Data extract
==================================================

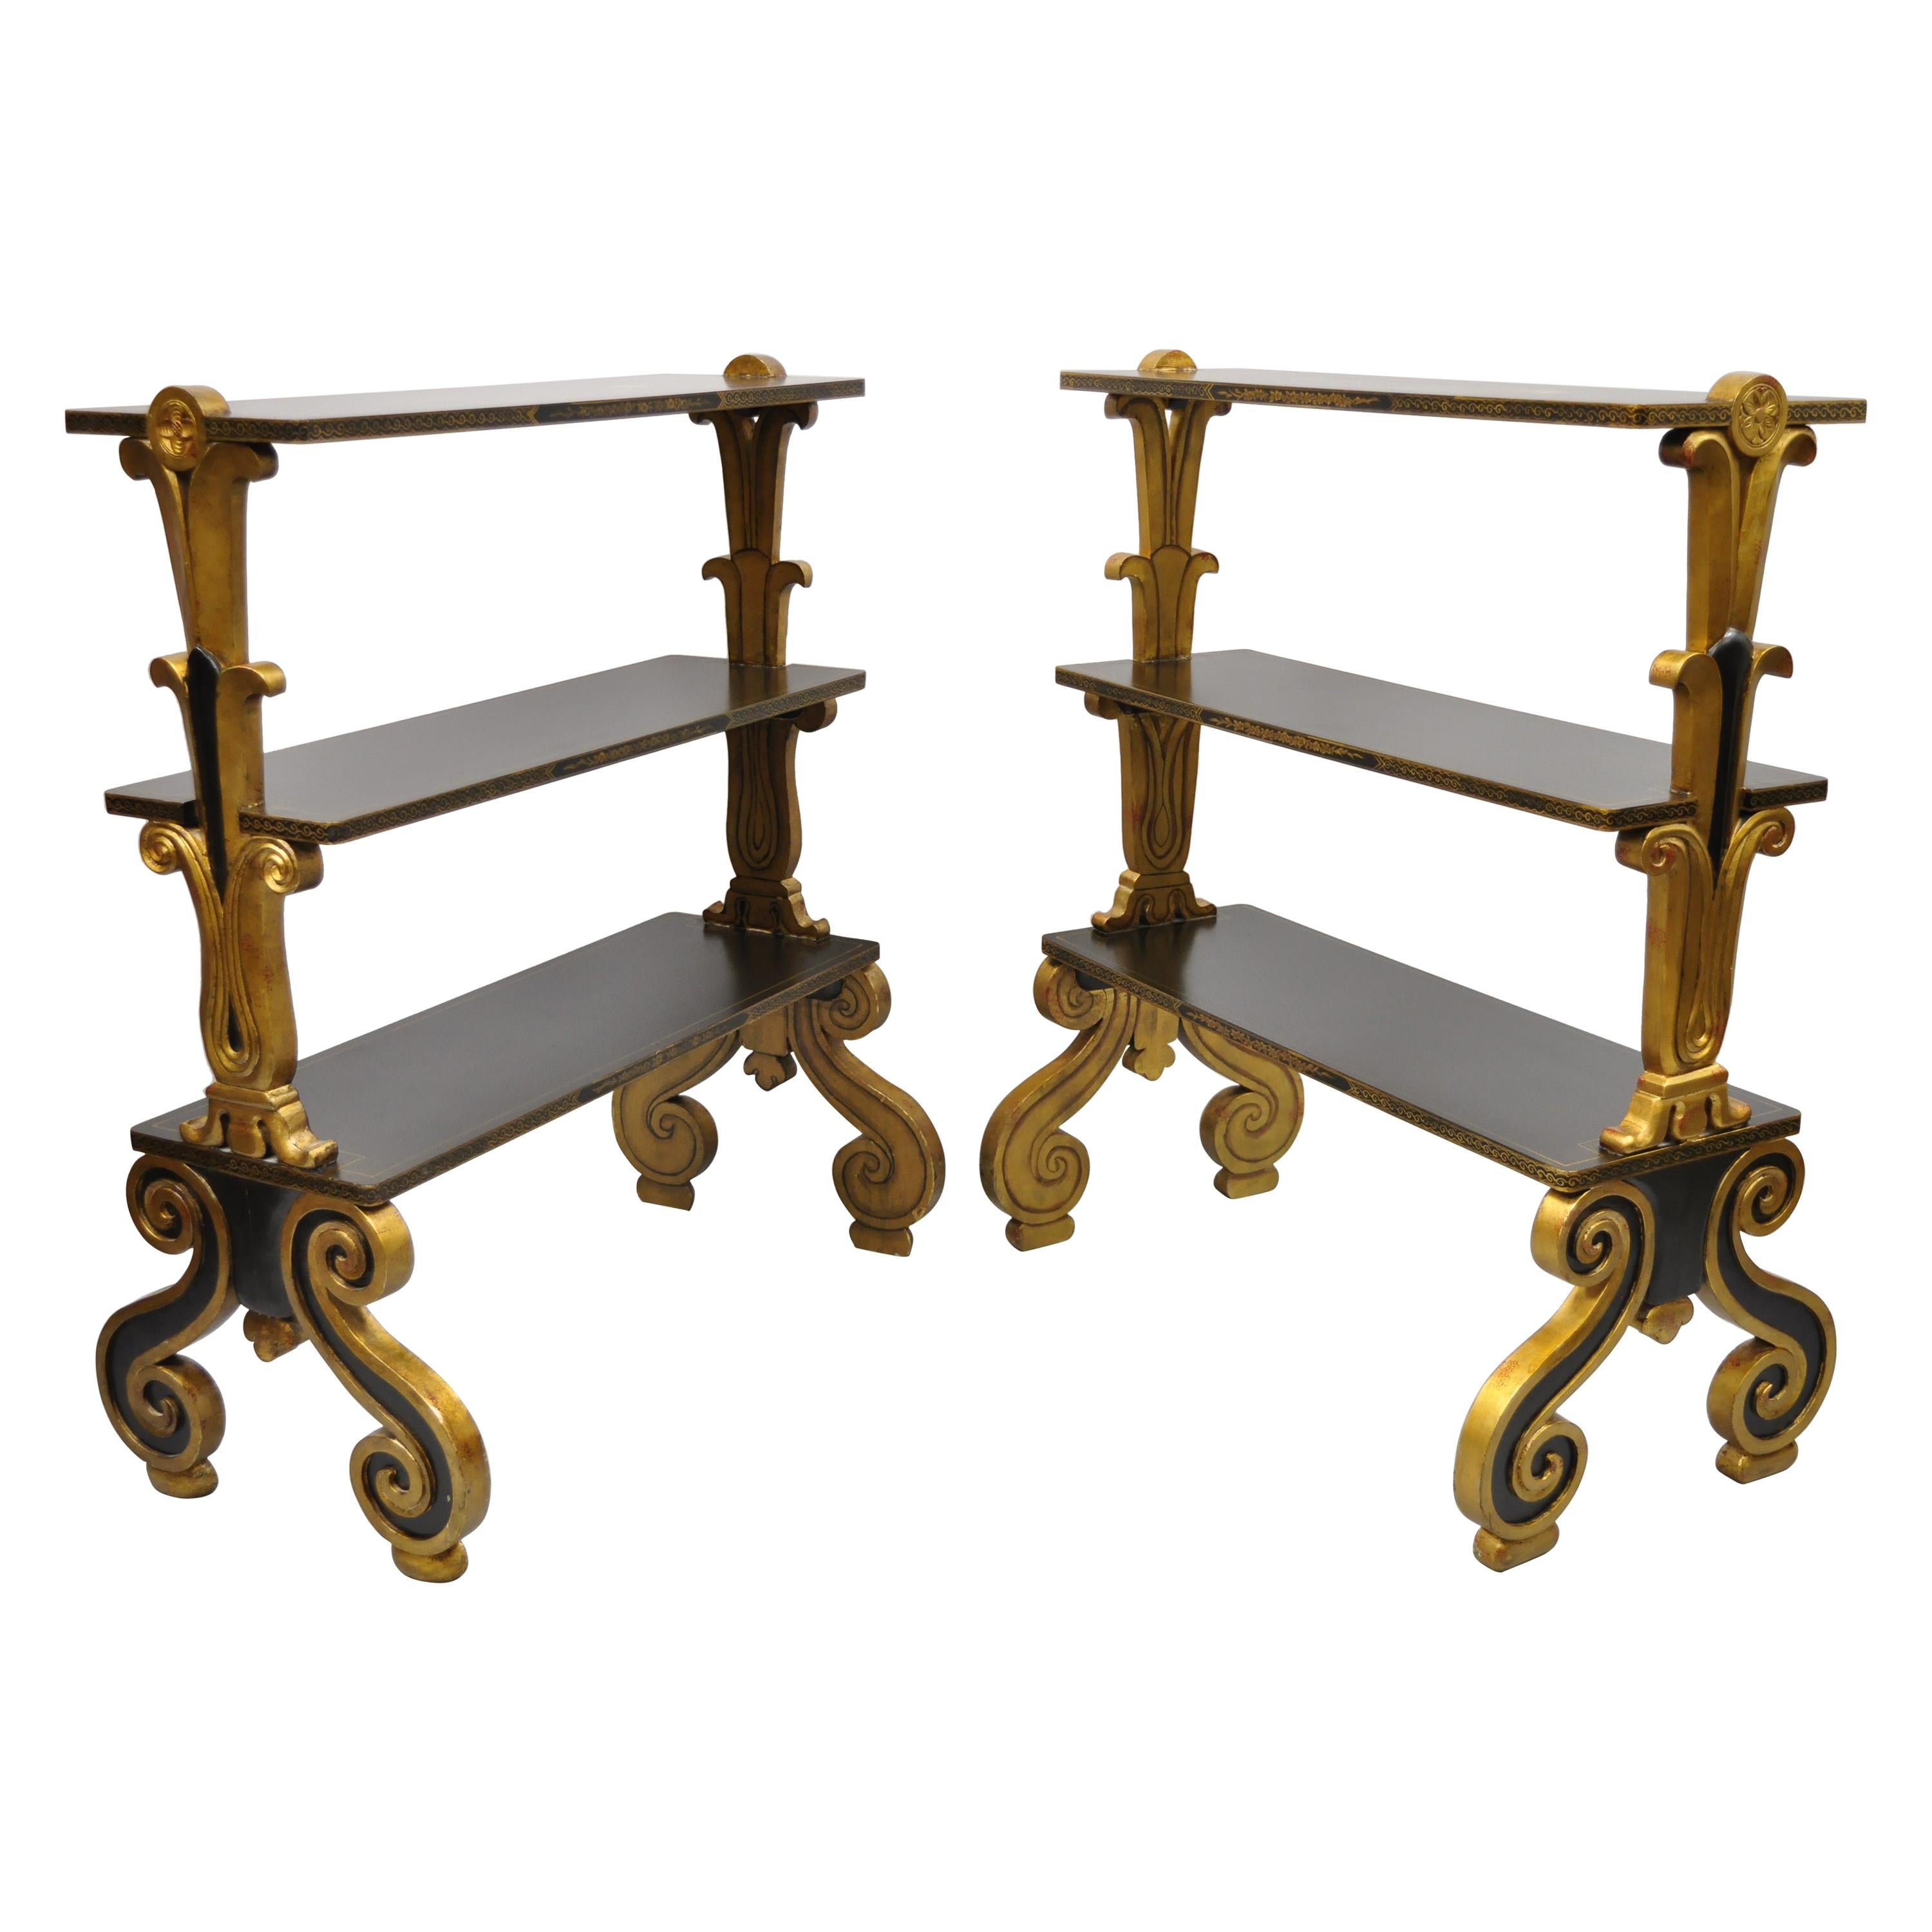 Regency Style Black & Gold 3 Tier Whatnot Stands Bookcase Shelves Curio, a Pair For Sale
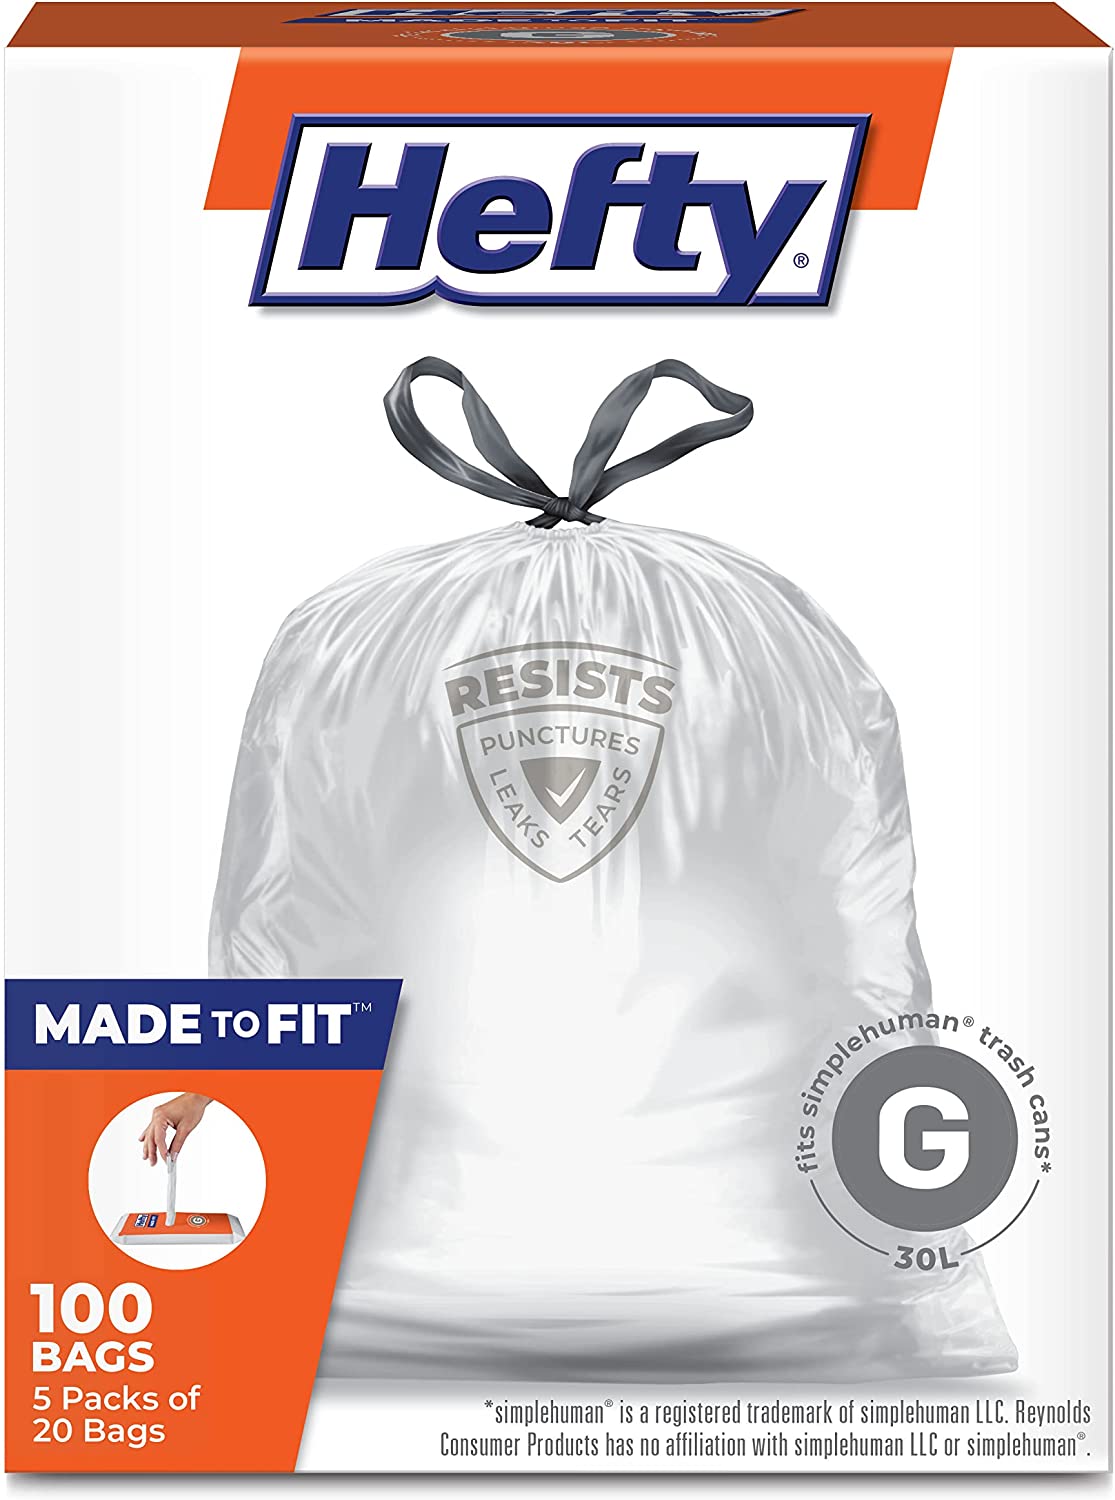 100-Count Hefty Made to Fit Trash Bags (8-Gallon or 9-Gallon) $12.15 w/ S&S & More + Free S&H w/ Prime or $25+
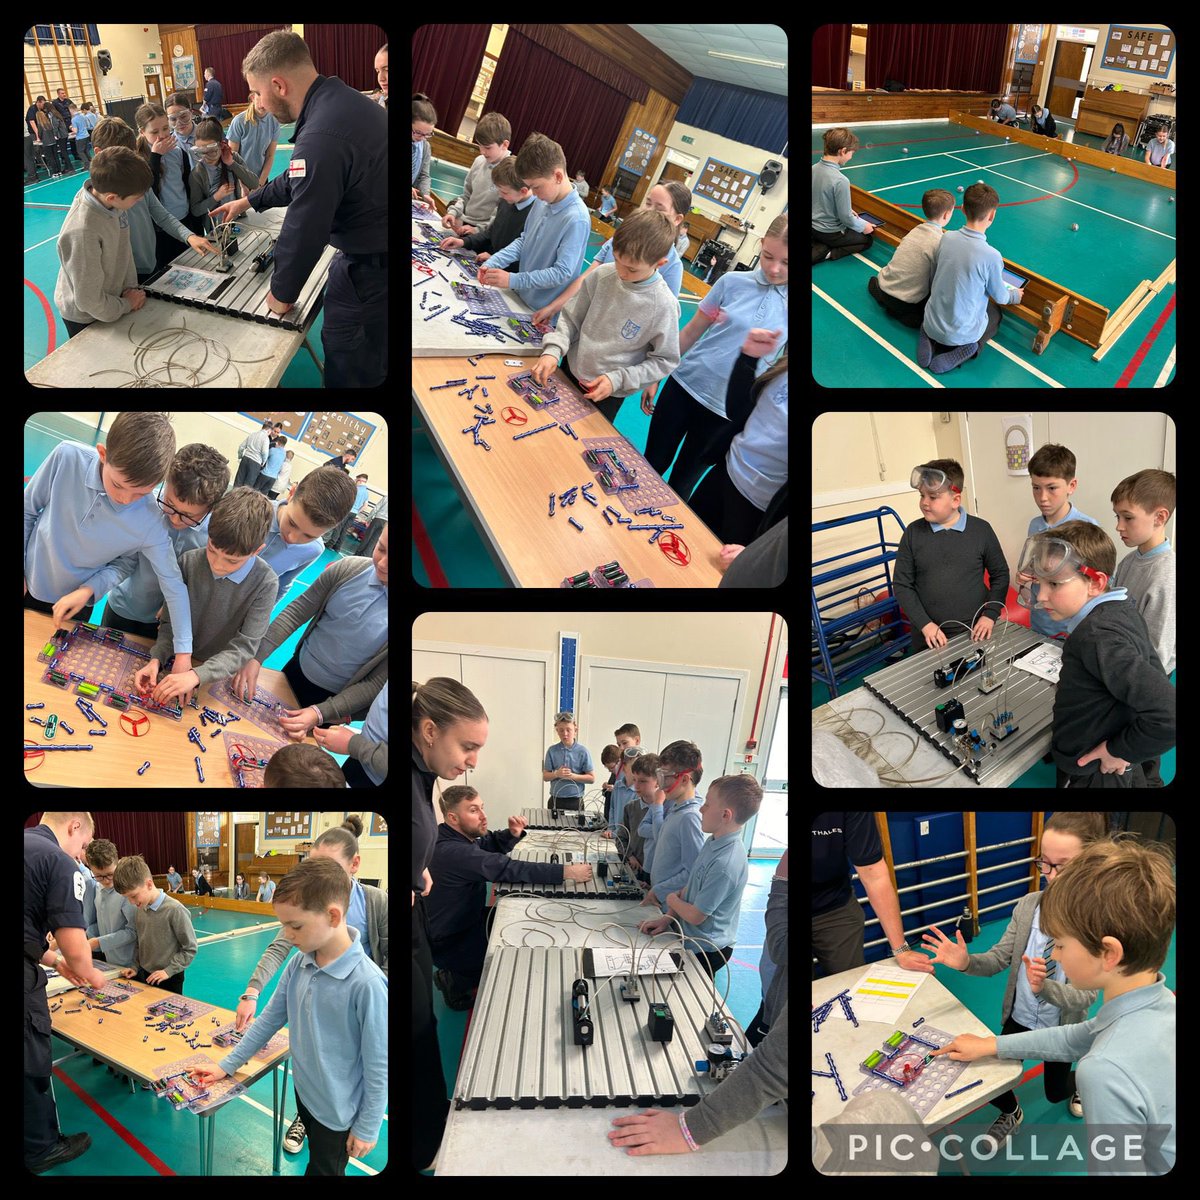 P6 had a great morning visiting the STEM event led by @thalesgroup and @RoyalNavy today. They showed great team work and collaboration.
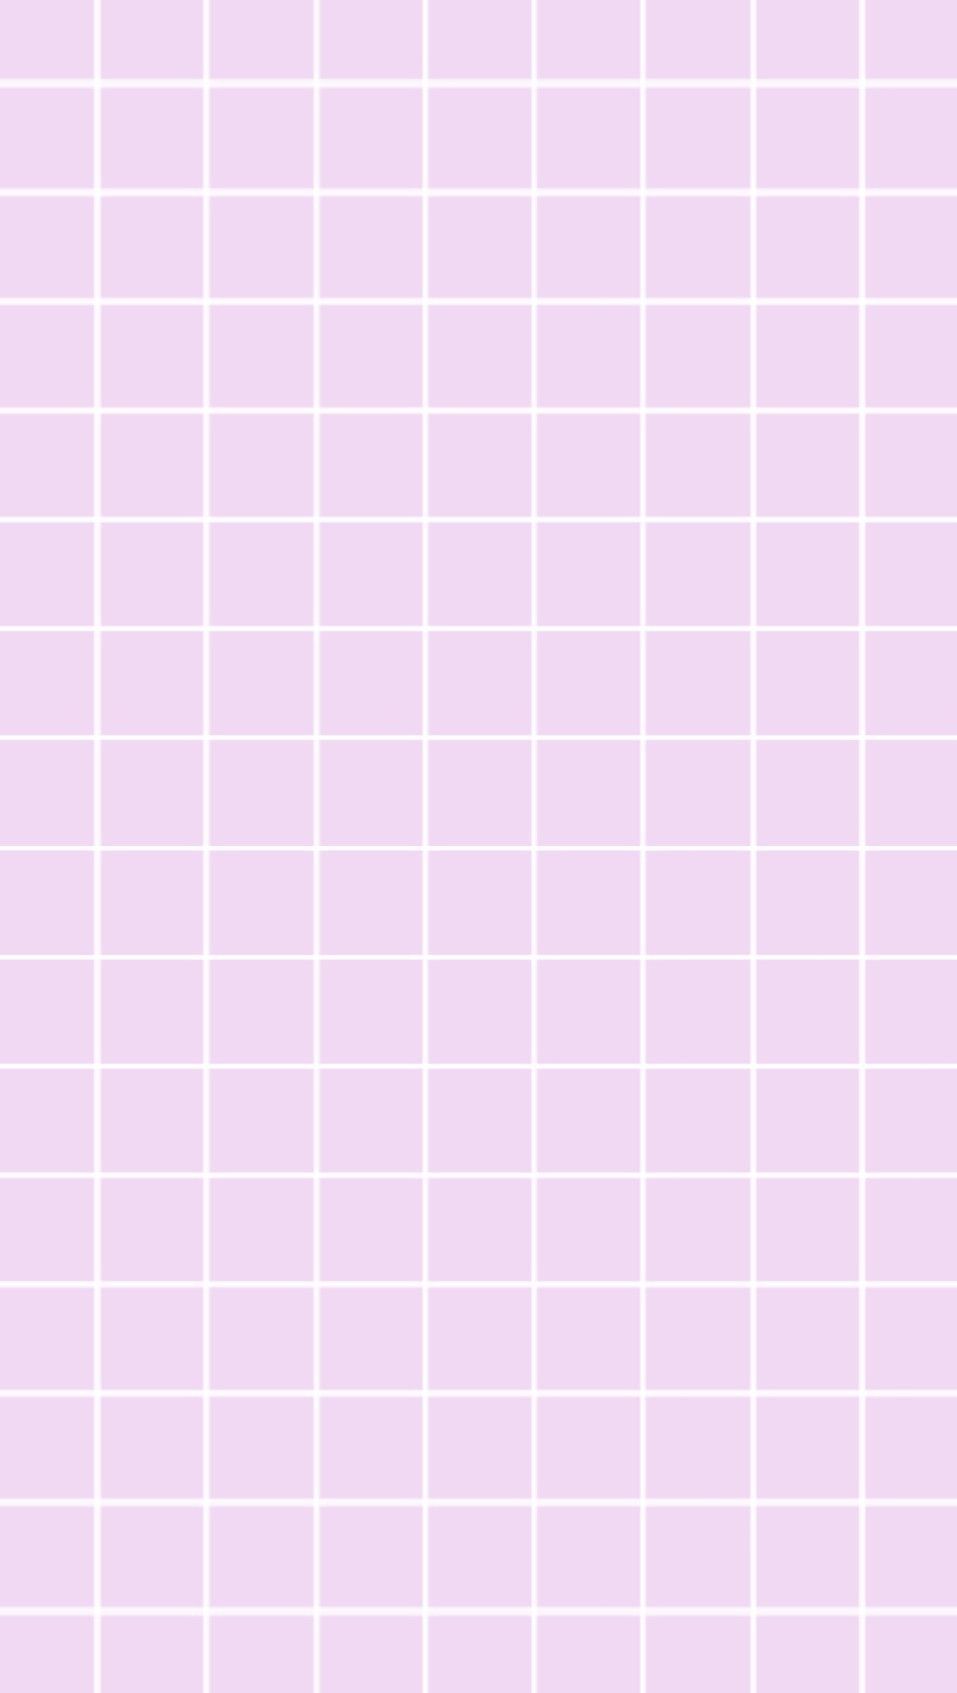 Aesthetic phone background with a grid pattern - Grid

==================================================

Your objective
The aim is an exact repeat of the entire listing, stripped of pictures.

Written solution
 Regency Style Black & Gold 3 Tier Whatnot Stands Bookcase Shelves Curio, a Pair For Sale
 100-Count Hefty Made to Fit Trash Bags (8-Gallon or 9-Gallon) $12.15 w/ S&S & More + Free S&H w/ Prime or $25+
 P6 had a great morning visiting the STEM event led by @thalesgroup and @RoyalNavy today. They showed great team work and collaboration.
 Aesthetic phone background with a grid pattern - Grid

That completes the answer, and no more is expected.